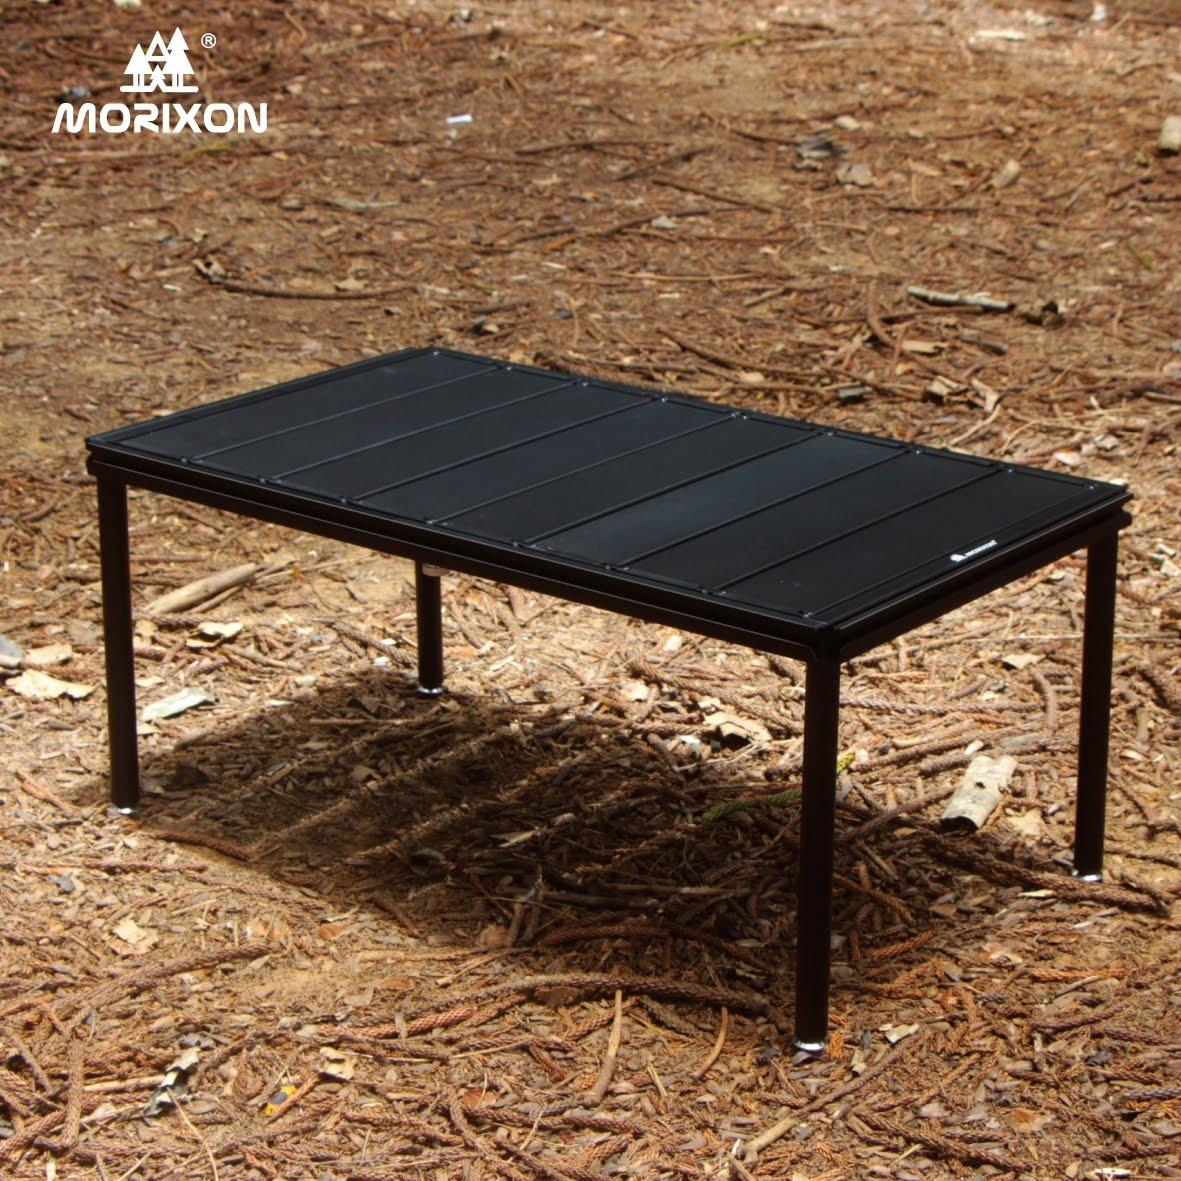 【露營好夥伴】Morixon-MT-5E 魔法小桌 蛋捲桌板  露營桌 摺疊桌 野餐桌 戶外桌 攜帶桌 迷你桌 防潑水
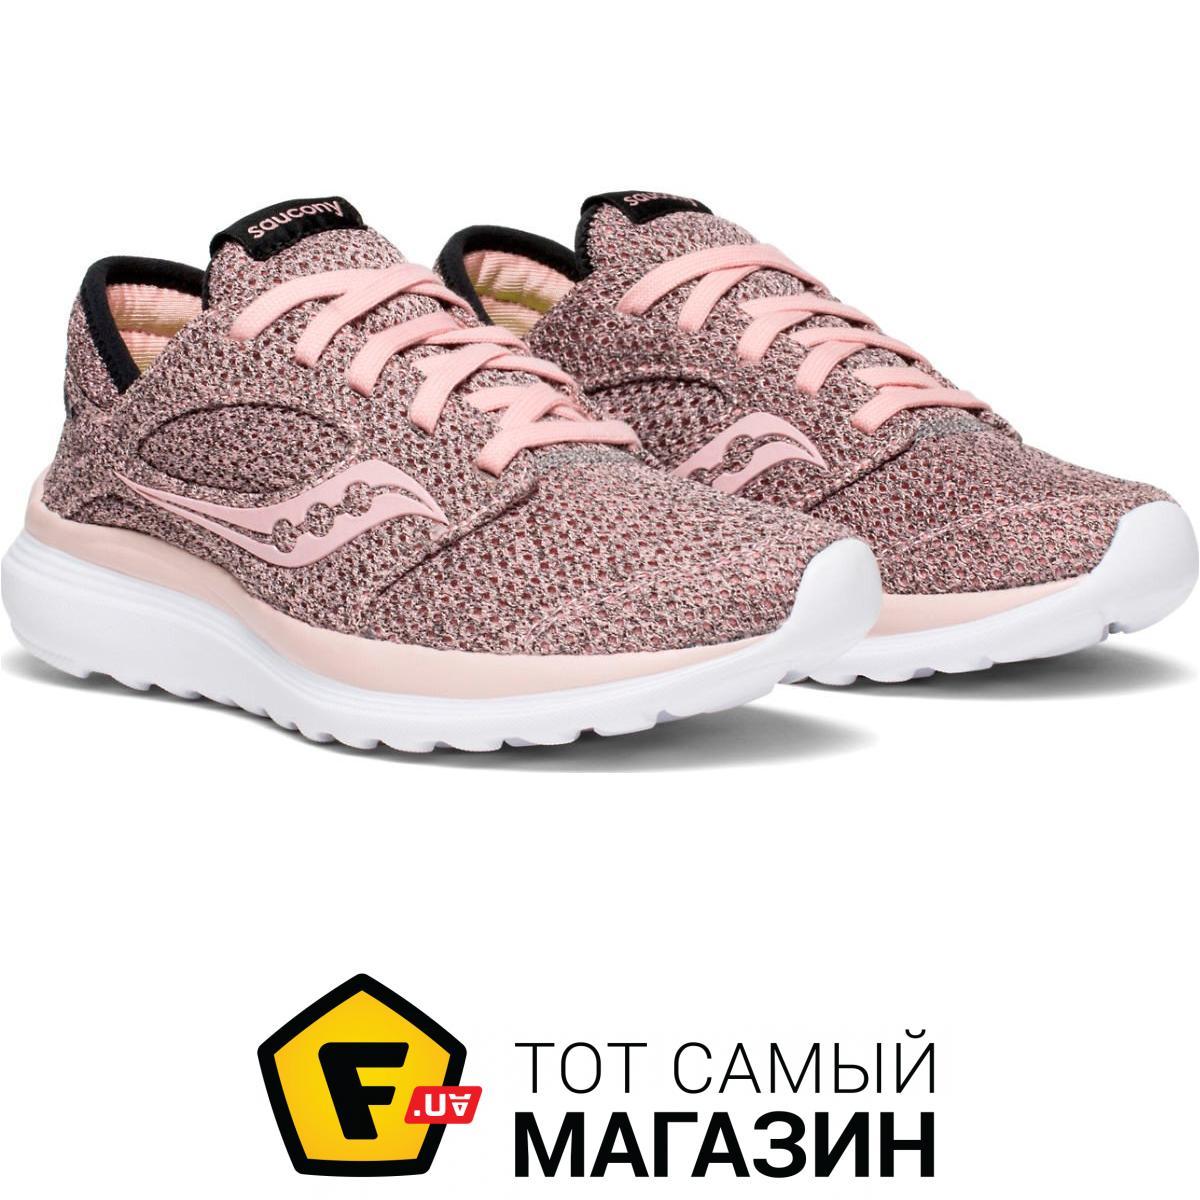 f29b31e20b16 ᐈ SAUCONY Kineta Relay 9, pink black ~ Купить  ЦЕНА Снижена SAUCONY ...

--

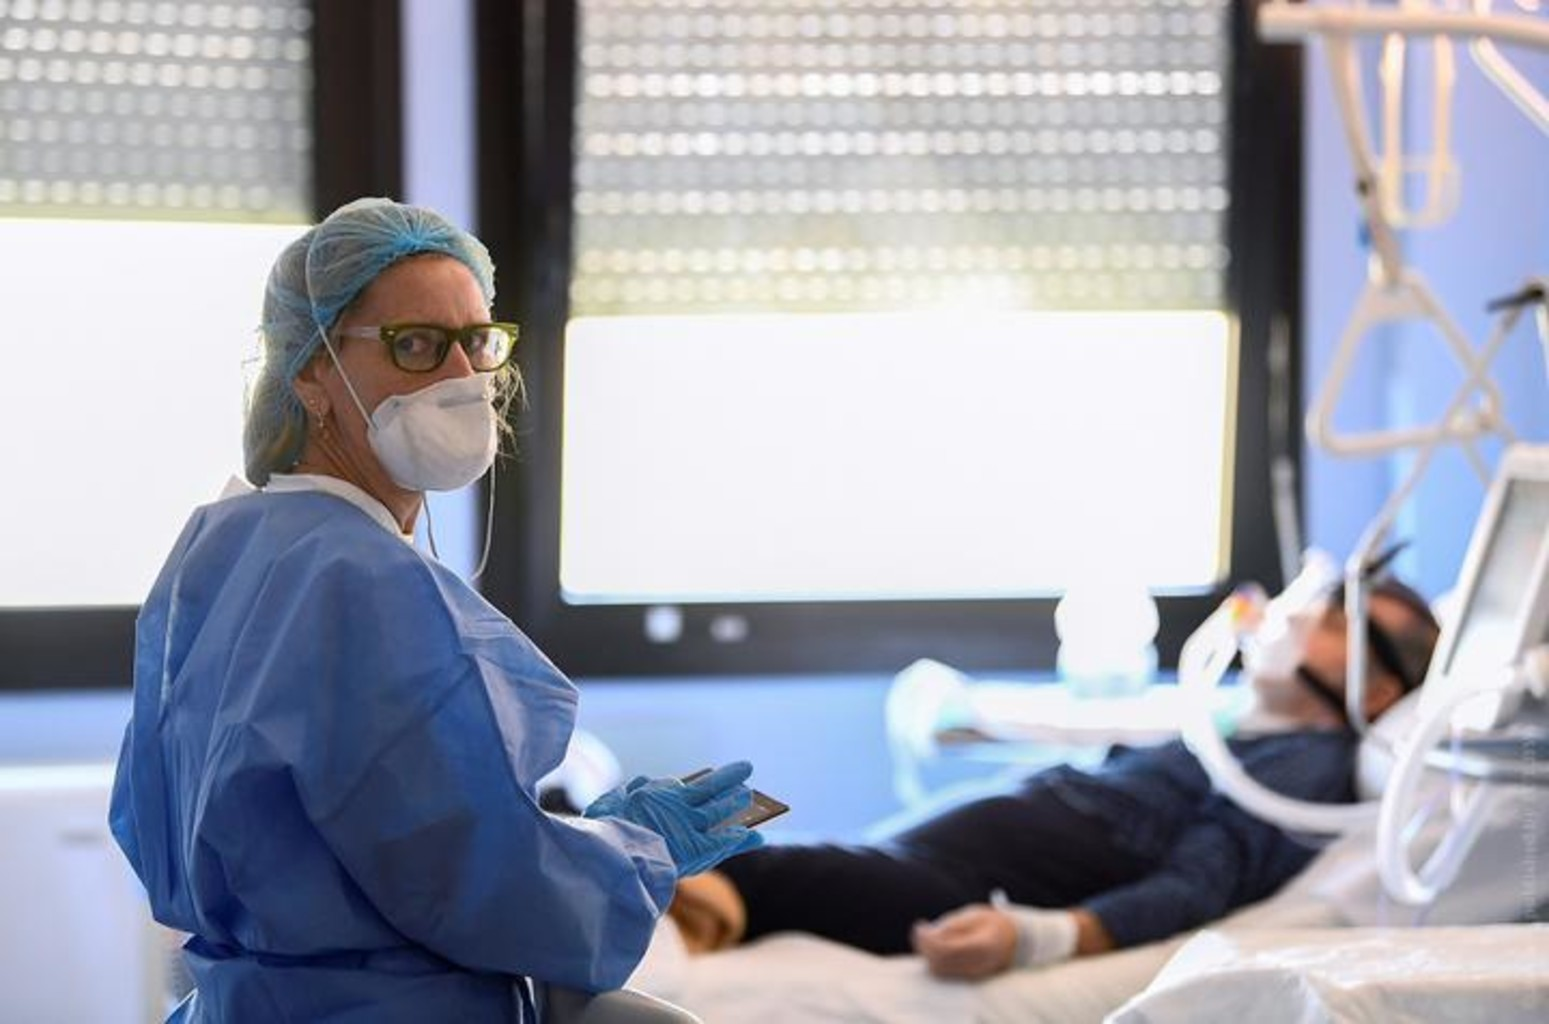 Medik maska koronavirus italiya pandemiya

--

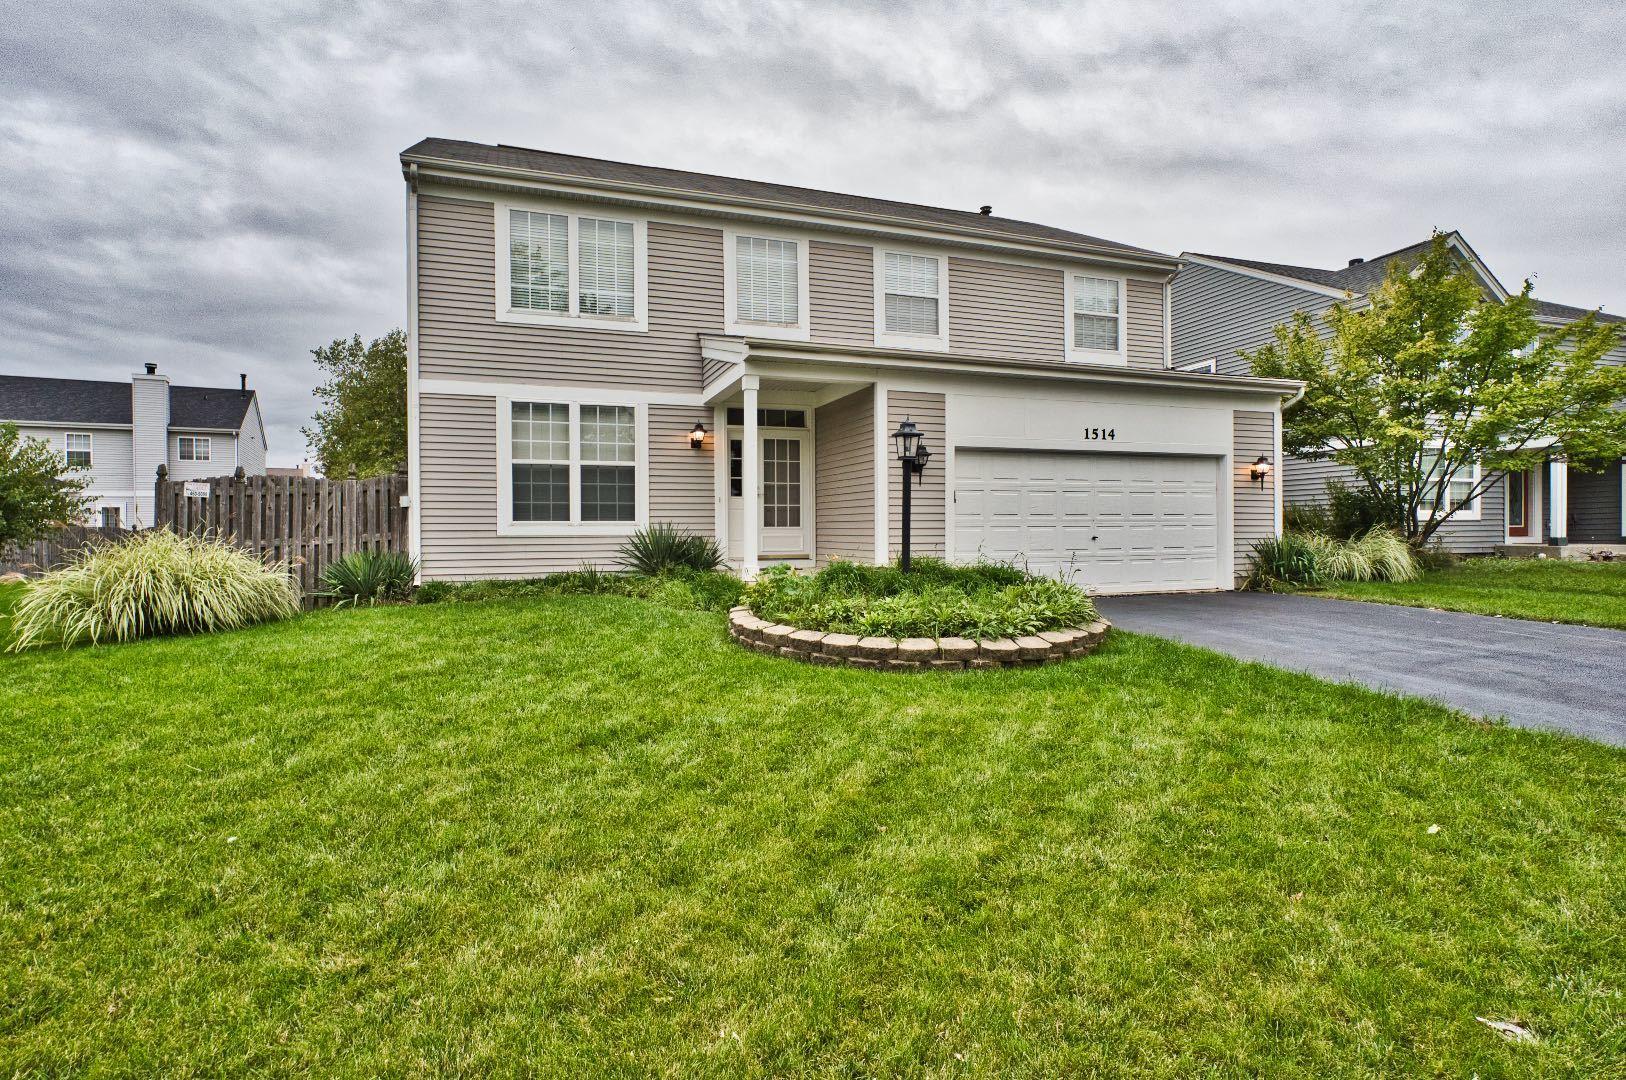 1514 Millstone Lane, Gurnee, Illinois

Action item:
Please print the lines above word for word, starting at the one with "攜帶桌 迷你桌 防潑水" and ending at the one with "f29b31e20b16 ᐈ SAUCONY", both included, and without any picture.

Answer to this problem:
 【露營好夥伴】Morixon-MT-5E 魔法小桌 蛋捲桌板  露營桌 摺疊桌 野餐桌 戶外桌 攜帶桌 迷你桌 防潑水
 f29b31e20b16 ᐈ SAUCONY Kineta Relay 9, pink black ~ Купить  ЦЕНА Снижена SAUCONY ...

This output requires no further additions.